Best Performance in a Limited Series, Anthology Series or Motion Picture Made for Television – Actor
Cooper Koch, Monsters: The Lyle and Erik Menendez Story
Ewan McGregor, A Gentleman in Moscow
Andrew Scott, Ripley
Who should win: Colin Farrell
Forget the prosthetics, this was a stunning turn from Farrell, who waddled onto screen as the ridiculous, grasping Oz Pott, but ended the series as compelling a comic book villain as there ever has been. Farrell can do no wrong at the moment.
Awards voters have always rewarded those who wring themselves dry for a role, and there’s no doubt that Gadd did that, as his cypher, the aspiring comedian Donny Dunn, plumbed the absolute depths. An urgent, energetic, eccentric performance and one that stands out.
Best Performance in a Limited Series, Anthology Series or Motion Picture Made for Television – Actress
For the most recent Emmy Awards, I predicted that Jodie Foster would win for her role as the grizzled Alaskan cop Liz Danvers, but that she shouldn’t. She did indeed win, and now I am going to argue that she should win the Golden Globe for the same role, but that she won’t. And the reason is Sofia Vergara.

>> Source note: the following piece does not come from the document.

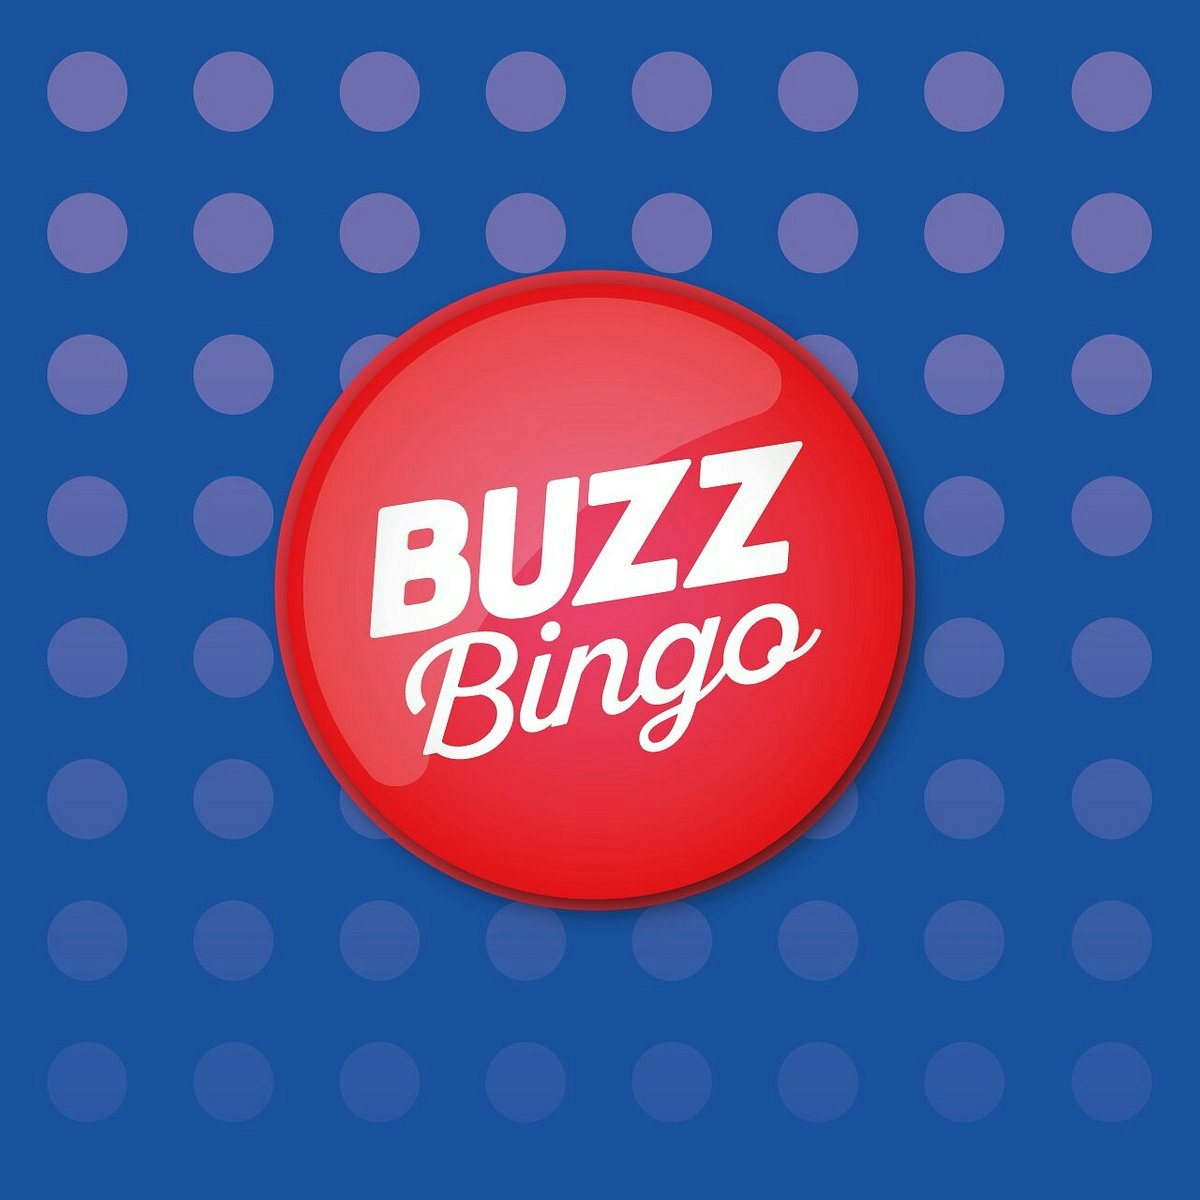 A blue square background with purple dots. Then a red circle with white Buzz Bingo words.

Who will win: Sofia Vergara
And, yes, Vergara was also up against Foster for the Emmy and lost out. But if there is a reason for the Emmys and the TV Golden Globes to exist in the same universe then it is this – the Globes needs to rediscover its championing of the big and the broad. And Vergara never won for Modern Family, despite multiple nominations.
Best Supporting Performance in a Series, Limited Series, Anthology Series or Motion Picture Made for Television - Actor
I think Lowden’s “James Bond audition” is an underrated aspect of Slow Horses and no one could sniff at Asano picking up this award. But Luna was wonderful as the disgraced, dishevelled and fabulously Botoxed boxing manager in the Mexican drama. A vivid performance of a life misspent.
Who will win: Ebon Moss-Bachrach
Because The Bear wins (almost) everything.
Best Supporting Performance in a Series, Limited Series, Anthology Series or Motion Picture Made for Television – Actress
Einbinder is a US awards favourite (as is Hacks), while Colon-Zayas will have huge support, but Gunning’s is the performance you woke up at night thinking about. She managed to turn a dowdy Scottish solicitor into the monster under your bed.
I am predicting the double hat-trick for Baby Reindeer, following its triple win at the Emmys. The fascinating thing now will be watching where Gunning’s career goes from here. She’ll have no shortage of offers.